On 15 May 2018, the Applicant applied for Australian citizenship by conferral.
On 14 April 2021, the Department of Home Affairs (the Department) refused the conferral of citizenship in accordance with s 24(3) of the Citizenship Act, because the delegate was not satisfied of the Applicant’s identity. This is the Reviewable Decision before the Tribunal.
On 11 May 2021 the Applicant applied to the Administrative Appeals Tribunal (the Tribunal) for a review of the Reviewable Decision.
JURISDICTION
The application for review was made in accordance with s 52(1)(b) of the Citizenship Act which allows the Tribunal to review decisions made under s 24 of the Citizenship Act. The Tribunal is satisfied that it has jurisdiction to hear this application.
ISSUE
The issue to be determined is whether the Tribunal is satisfied of the Applicant's identity for the purposes of s 24(3) of the Citizenship Act.

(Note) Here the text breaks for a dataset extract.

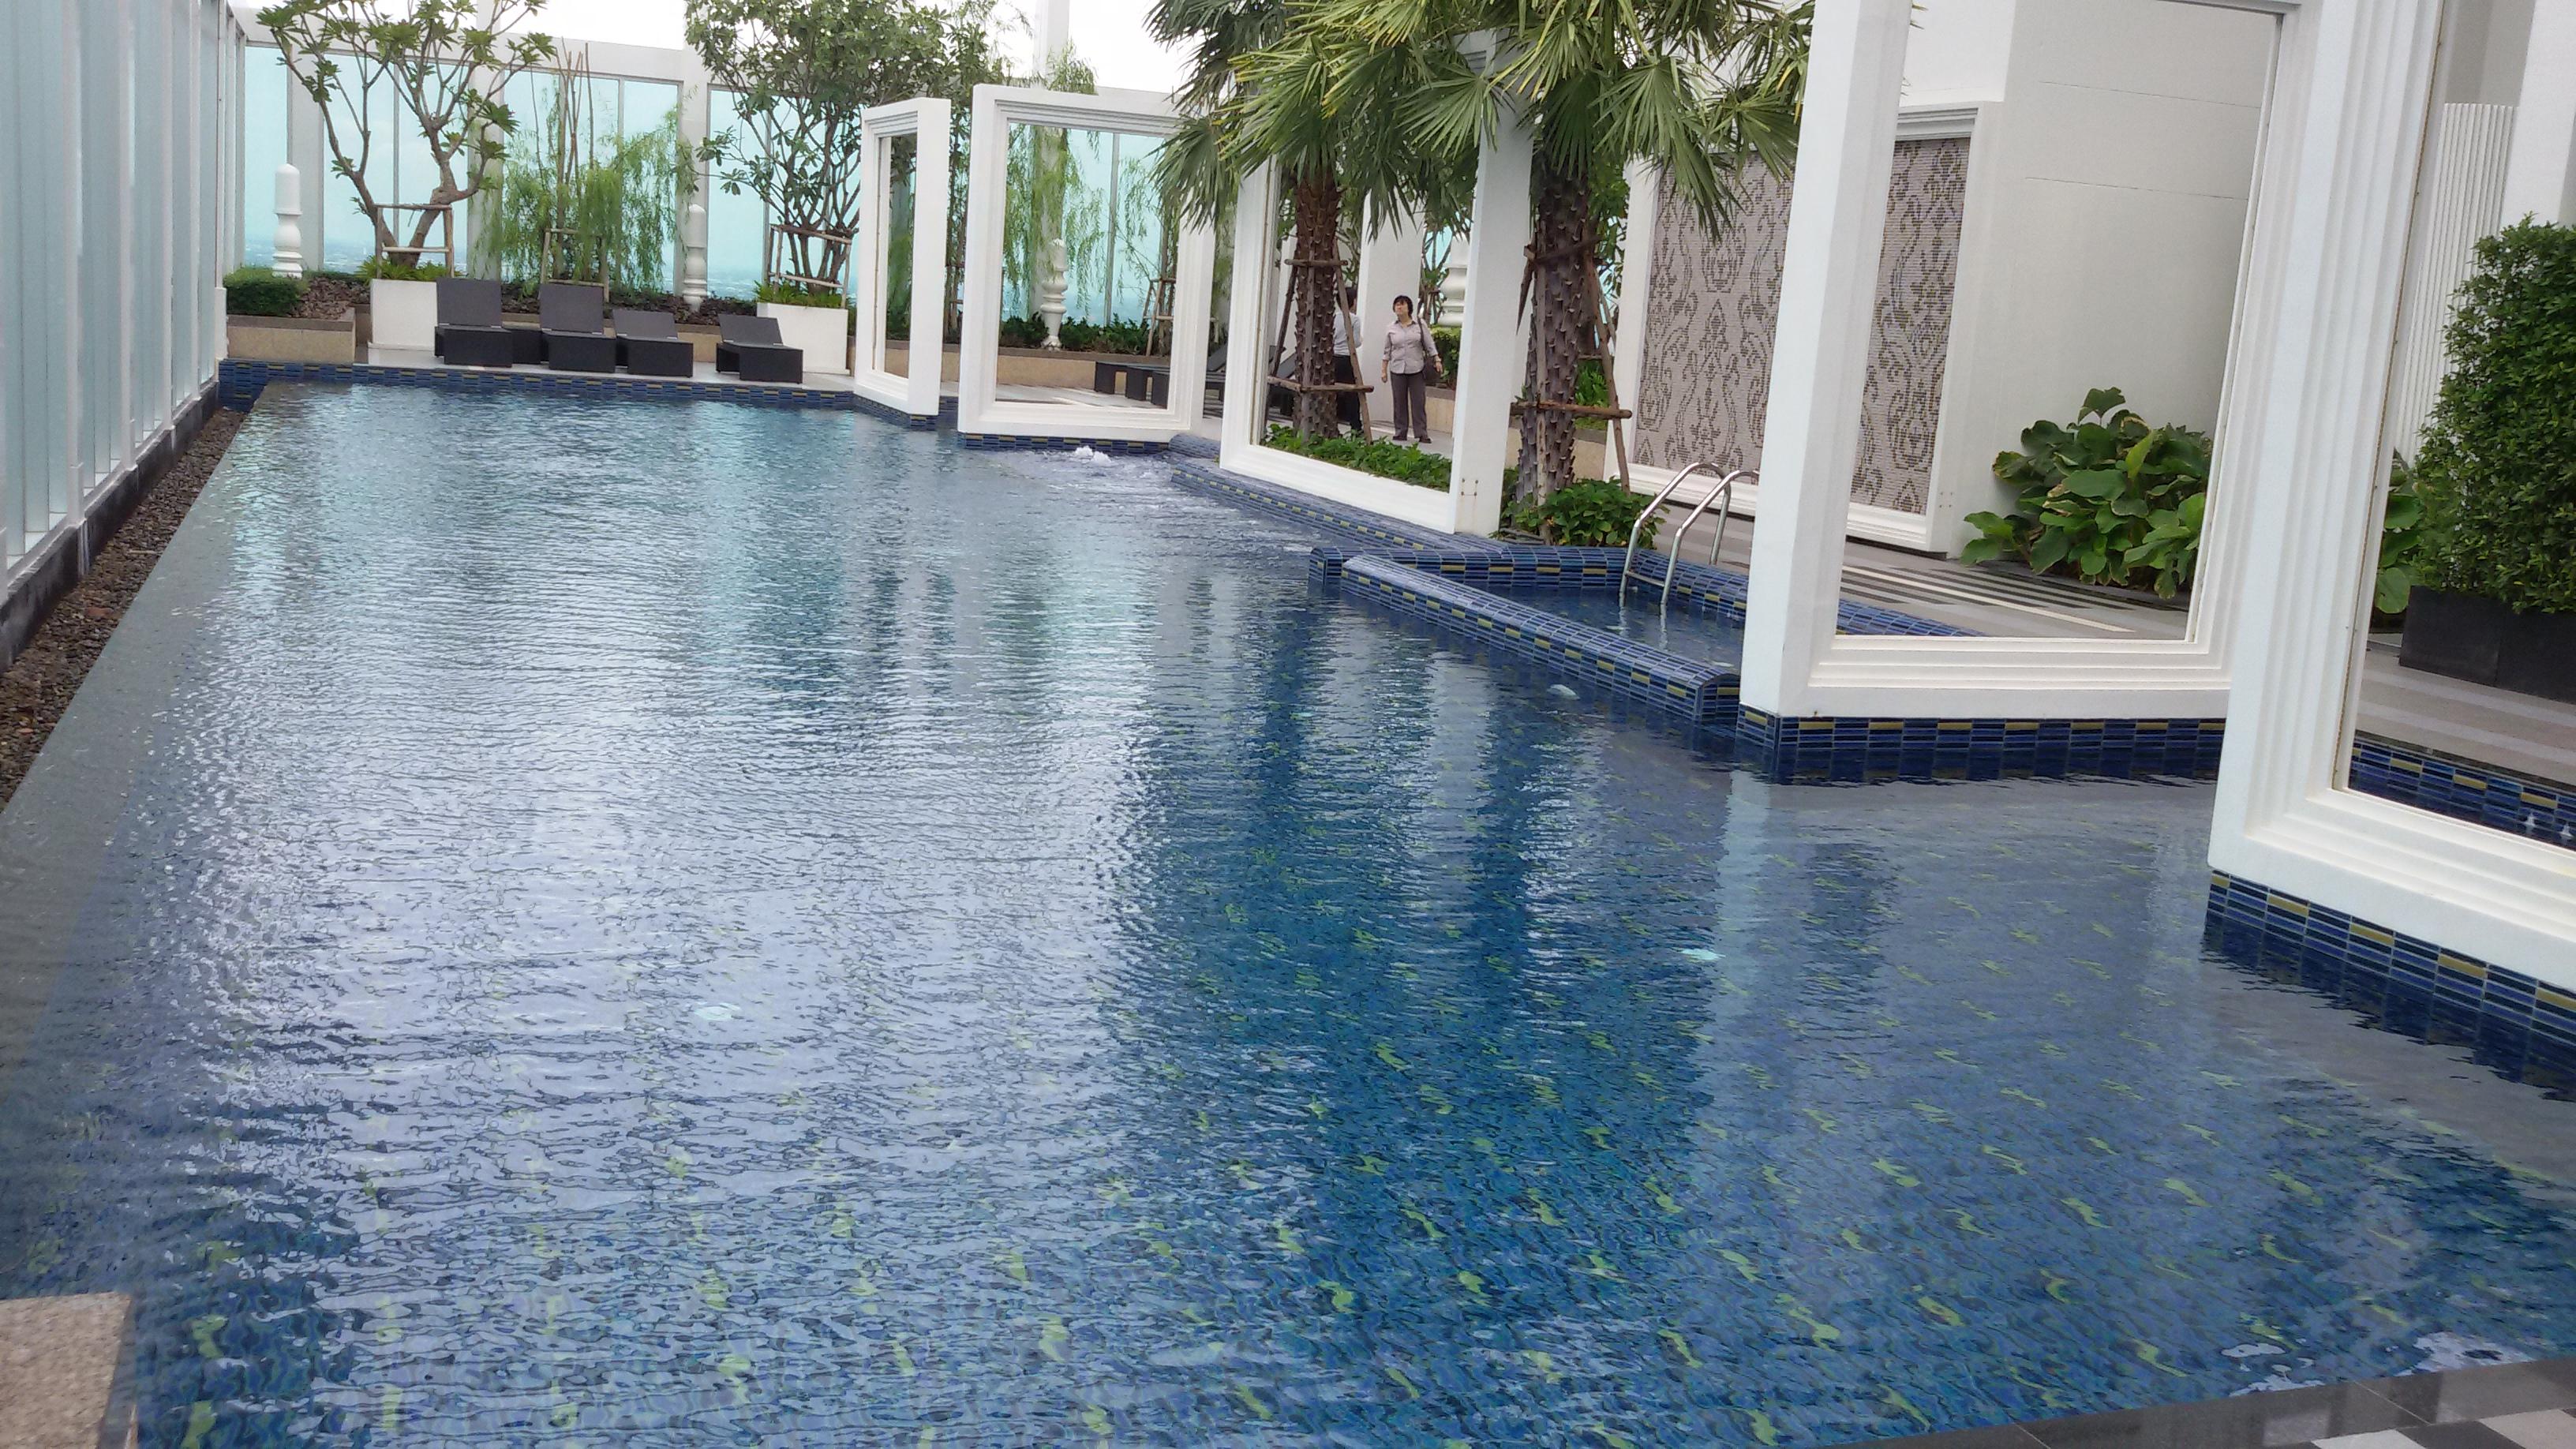 ให้เช่า คอนโด Rhythm Phahon-Ari รีธีม พหลฯ-อารีย์ (พหลโยธิน) 1 ห้องนอน ราคา 24000 ต่อเดือน

MATERIAL BEFORE THE TRIBUNAL
The hearing took place on Monday 27 June 2022. The Applicant was self-represented and the Respondent was represented by Mr Chris West of Sparke Helmore Lawyers.
The Applicant gave oral evidence and was cross-examined. The Respondent made oral submissions.
The Tribunal admitted the following documents into evidence at the hearing:
(a)Copy of the Applicant’s birth certificate, issued by the Republic of Liberia’s Ministry of Health and Social Welfare, filed 27 October 2021, date of issue unknown (Exhibit A1);
(b)Section 37 T-Documents, labelled T1-T22, consisting of pages 1-152, filed 16 June 2021 (Exhibit R1);
(c)Supplementary T-Documents, labelled ST1, consisting of pages 1-26, filed 17 January 2022 (Exhibit R2); and
(d)Respondent’s Statement of Facts, Issues and Contentions, dated 17 January 2022 (Exhibit R3).
RELEVANT LEGAL PRINCIPLES
Section 21(1) of the Citizenship Act provides that “[a] person may make an application to the Minister to become an Australian citizen”.
Identity
Section 24(3) of the Citizenship Act states that “[t]he Minister must not approve the person becoming an Australian citizen unless the Minister is satisfied of the identity of the person”.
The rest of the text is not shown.